Kelly Miller, a professor and administrator at Howard University, published fine, erudite, vigorously argued, and elegantly balanced essays on a broad range of topics. His collection Race Adjustments (1908) includes essays on Thomas Dixon's The Leopard's Spots and Walt Whitman. The essay on The Leopard's Spots, a novel that sold over a million copies, challenges the racist views and historical accuracy of Dixon's narrative about Reconstruction. Furthermore, Miller contests Dixon's bigoted and inaccurate depiction of African Americans and racial politics at the turn of the century. In this essay, the critic appears in the guise of racial spokesman and defender. By contrast, "What Walt Whitman Means to the Negro" allows Miller to display his literary erudition and sensibility as well as to make a social point. He celebrates Whitman's work because of its democratic inclusiveness, such that "all are welcome; none are denied, shunned, avoided, ridiculed, or made to feel ashamed" (p. 204). Furthermore, he asserts:

Whitman has a special meaning to the Negro, not only because of his literary portrayal; he has lessons also. He inculcates the lesson of ennobling self-esteem. He teaches the Negro that "there is no sweeter fat than sticks to his own bones." He urges him to accept nothing that "insults his own soul" (p. 208).

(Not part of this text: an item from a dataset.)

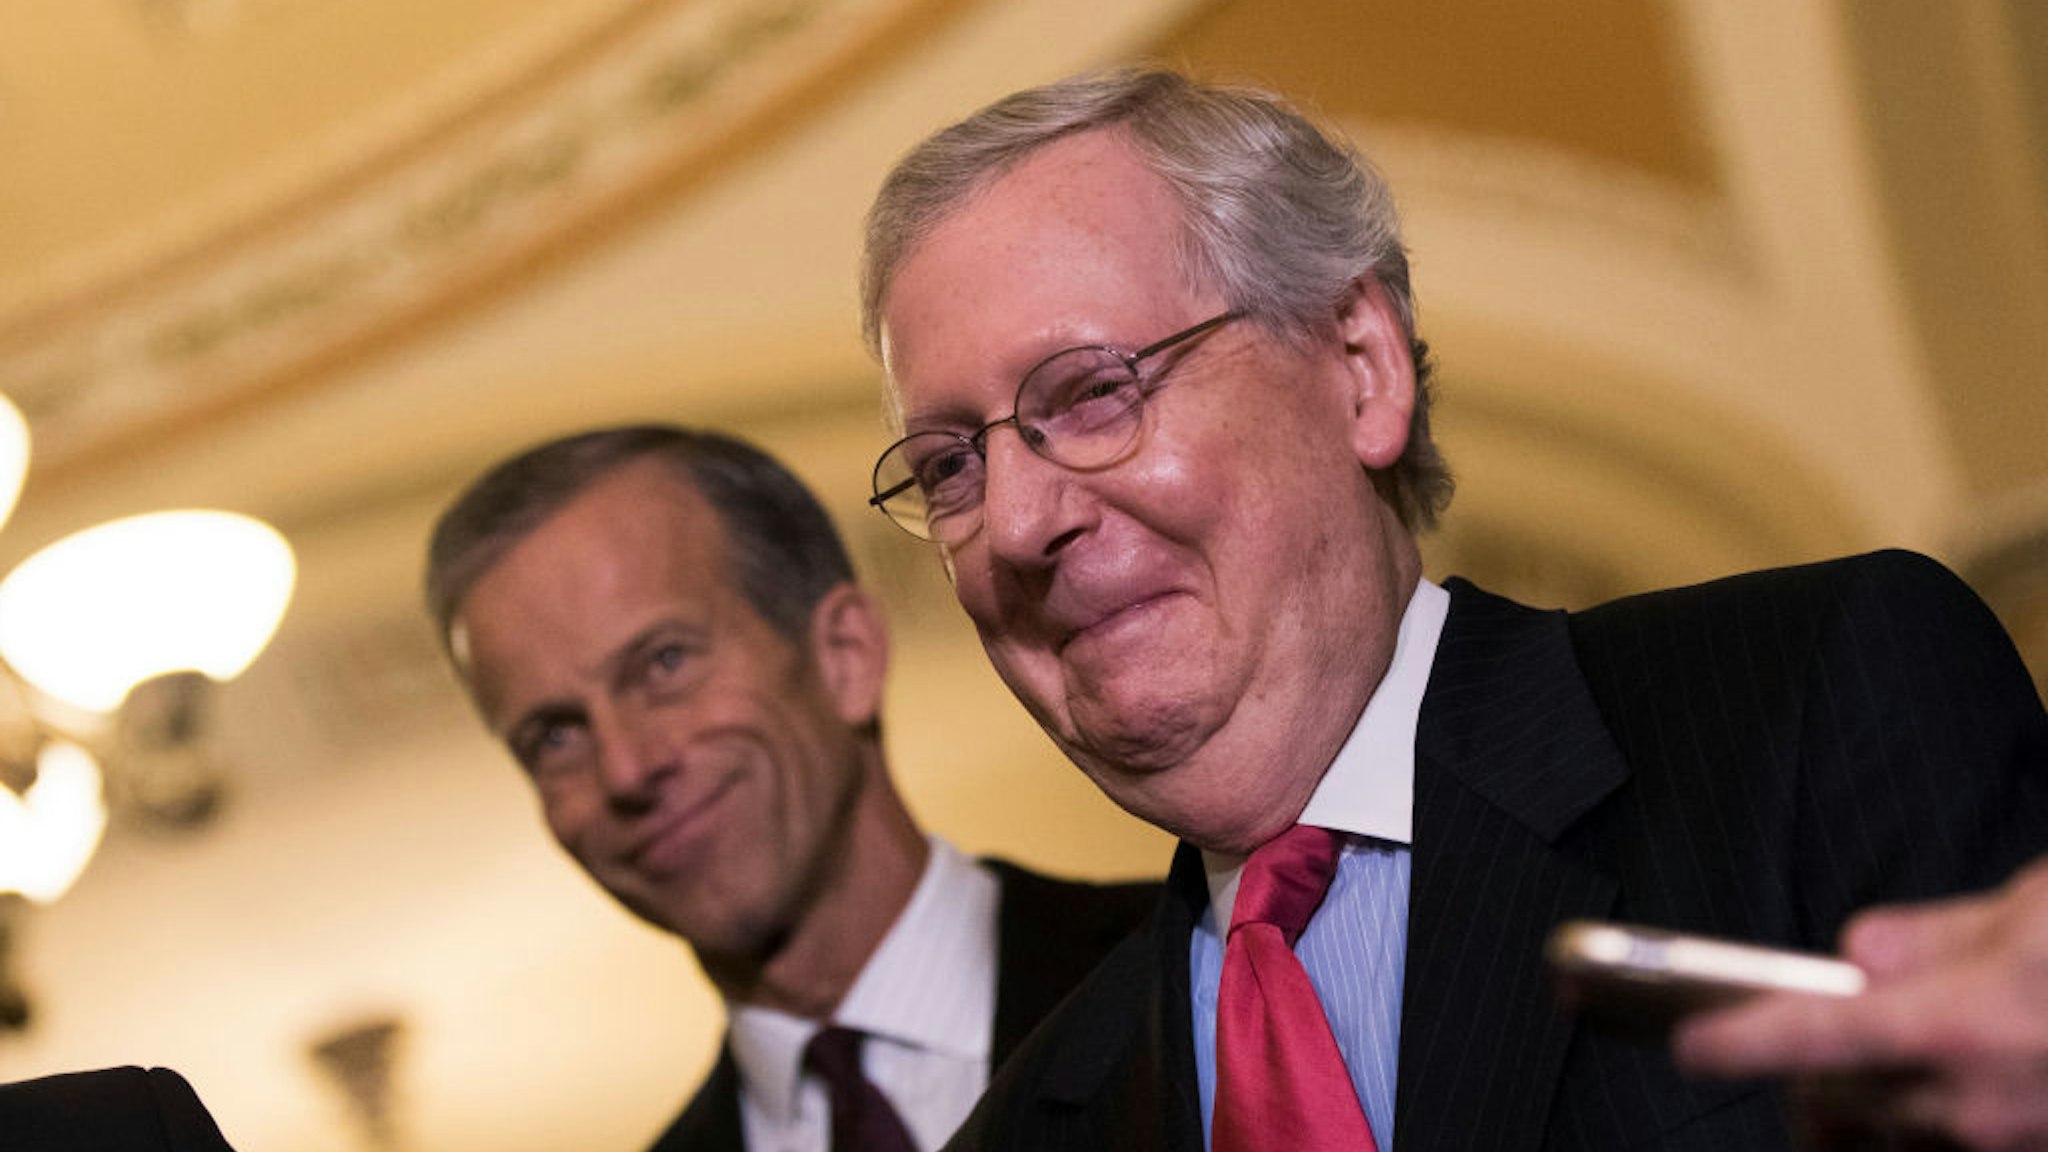 Mitch McConnell (R-KY) smiles after addressing reporters following a lunch with Senate Republicans.

These comments reflected Miller's own grounding in a late nineteenth-century culture in which moral issues were a paramount concern for literary critics.

That same predisposition is conspicuous in the literary criticism of the most influential African-American literary critic of Miller's generation: W. E. B. Du Bois. Du Bois is not generally regarded as a literary critic, but in judging intellectuals trained in the late nineteenth century, disciplinary categories of the late twentieth century can be misleading. Like Kelly Miller and Charles Waddell Chesnutt, Du Bois was a "man of letters." He published distinguished writing in virtually every genre. As editor of The Crisis for twenty-five years, he was easily the most widely read African-American writer of the early twentieth century. In his articles, columns, and commentaries, Du Bois addressed virtually every issue, event, and publication of relevance to African Americans.

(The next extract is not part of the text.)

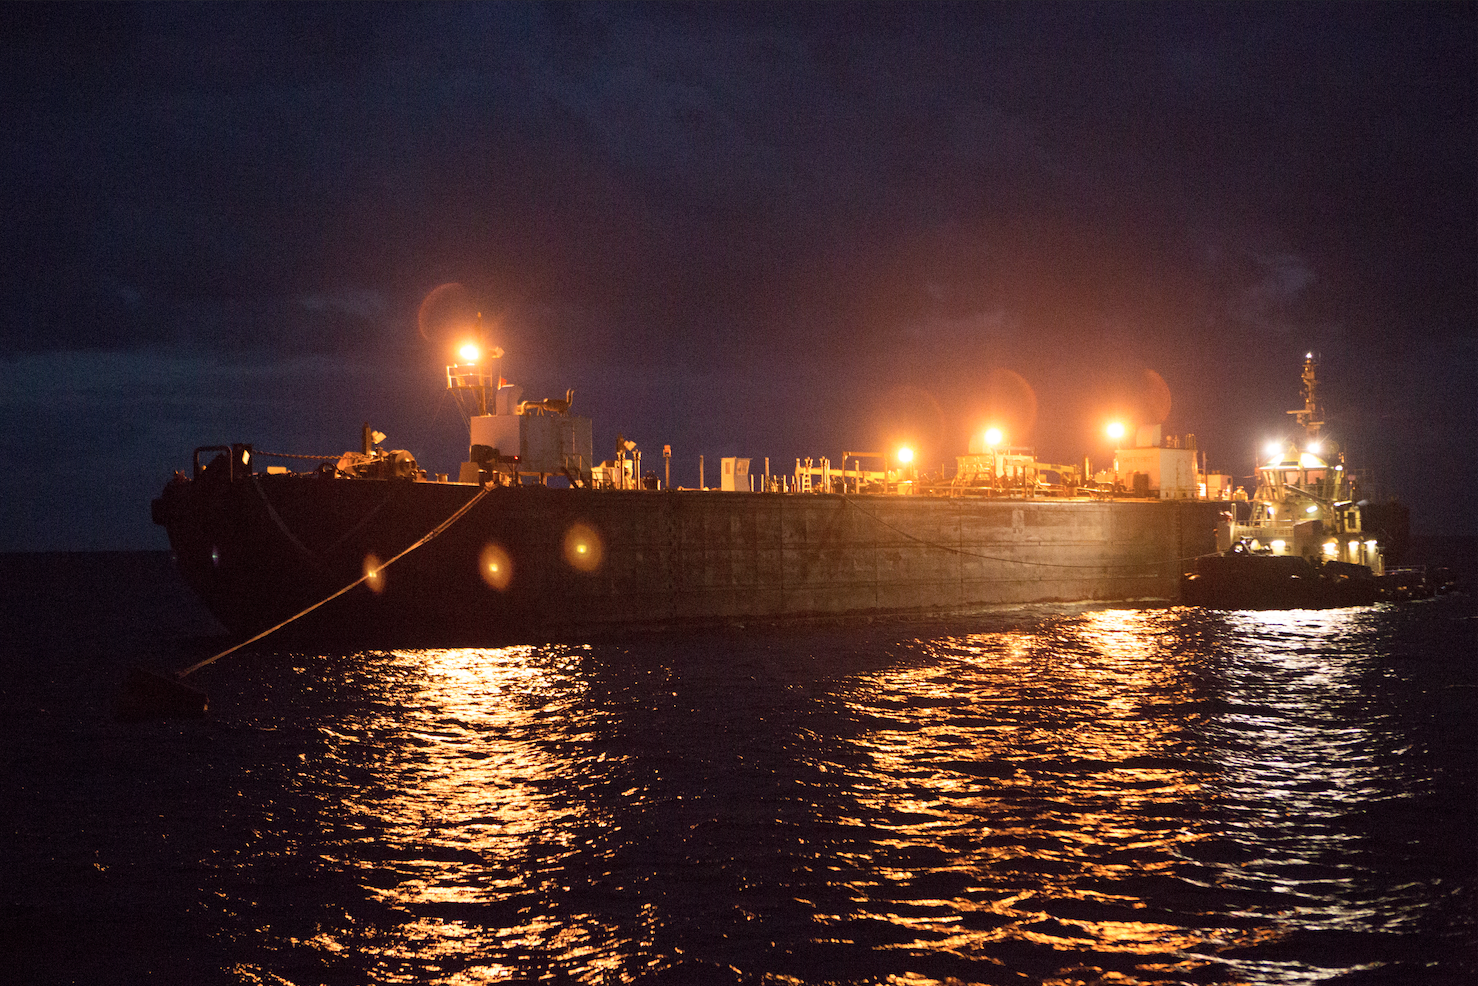 One of the huge oil tankers parked in Eustatia's harbor.

It was not merely the quantity of his output nor the size of his audience, however, that made Du Bois so influential. Rather, Du Bois's accomplishments as a scholar and activist, his incomparable erudition, his elegant writing style and refined literary sensibility, and his intense passion for truth, justice, and beauty all combined to make him authoritative and compelling. Thus his judgments about particular artists or works carried extraordinary weight. Du Bois used his enormous prestige to endorse and publicize the works of black writers, including Harlem Renaissance figures such as Countee Cullen, Langston Hughes, and Jessie Fauset.

The essay that best represents Du Bois as a visionary and inspirational critic is his "Criteria of Negro Art" (1926). In it he reiterates his belief, earlier expressed in The Souls of Black Folk (1903), that black people have a special calling to revive in a debased, materialist nation an appreciation for beauty and higher values:

Who shall let this world be beautiful? Who shall restore to men the glory of sunsets and the peace of quiet sleep? We black folk may help for we have within us as a race new stirrings; stirrings of the beginning of a new appreciation of joy, a new desire to create, of a new will to be; as though in this morning of group life we had awakened from some sleep that at once dimly mourns the past and dreams a splendid future.

After declaring the unity of beauty with truth and justice, Du Bois concludes with a prophecy: "The ultimate art coming from black folk is going to be just as beautiful, and beautiful largely in the same ways, as the art that comes from white folk, or yellow, or red; but the point today is that until the art of the black folk compells recognition they will not be rated as human." For Du Bois, then, the creation of black art and the struggle for social justice were inseparable, and by implication, artists should be understood as warriors in this struggle, not deserters from it. This formulation encourages young artists to pursue their own aesthetic visions and offers them protection against charges of irrelevance or frivolity, such as political pragmatists have often advanced against art. While Du Bois did not hesitate to criticize particular works bluntly and even harshly, his broader critical impact was as a champion of literary art. As a critic, he exerted a major influence on artists of the Harlem Renaissance; and as a model of intellectual activism, he influenced the radical critics of the 1930s and 1960s.

Though Du Bois was the preeminent African-American critic and intellectual life of the Harlem Renaissance decade (the 1920s), several other notable critics of African-American writing emerged during that period. James Weldon Johnson deserves to be remembered alongside Du Bois as a truly exemplary figure who exerted influence in several fields. He was a poet, novelist, essayist, songwriter, civil rights leader, and diplomat, and though he is not usually described as a literary critic, his preface to the first edition of The Book of American Negro Poetry (1921) is one of the seminal essays on African-American poetry.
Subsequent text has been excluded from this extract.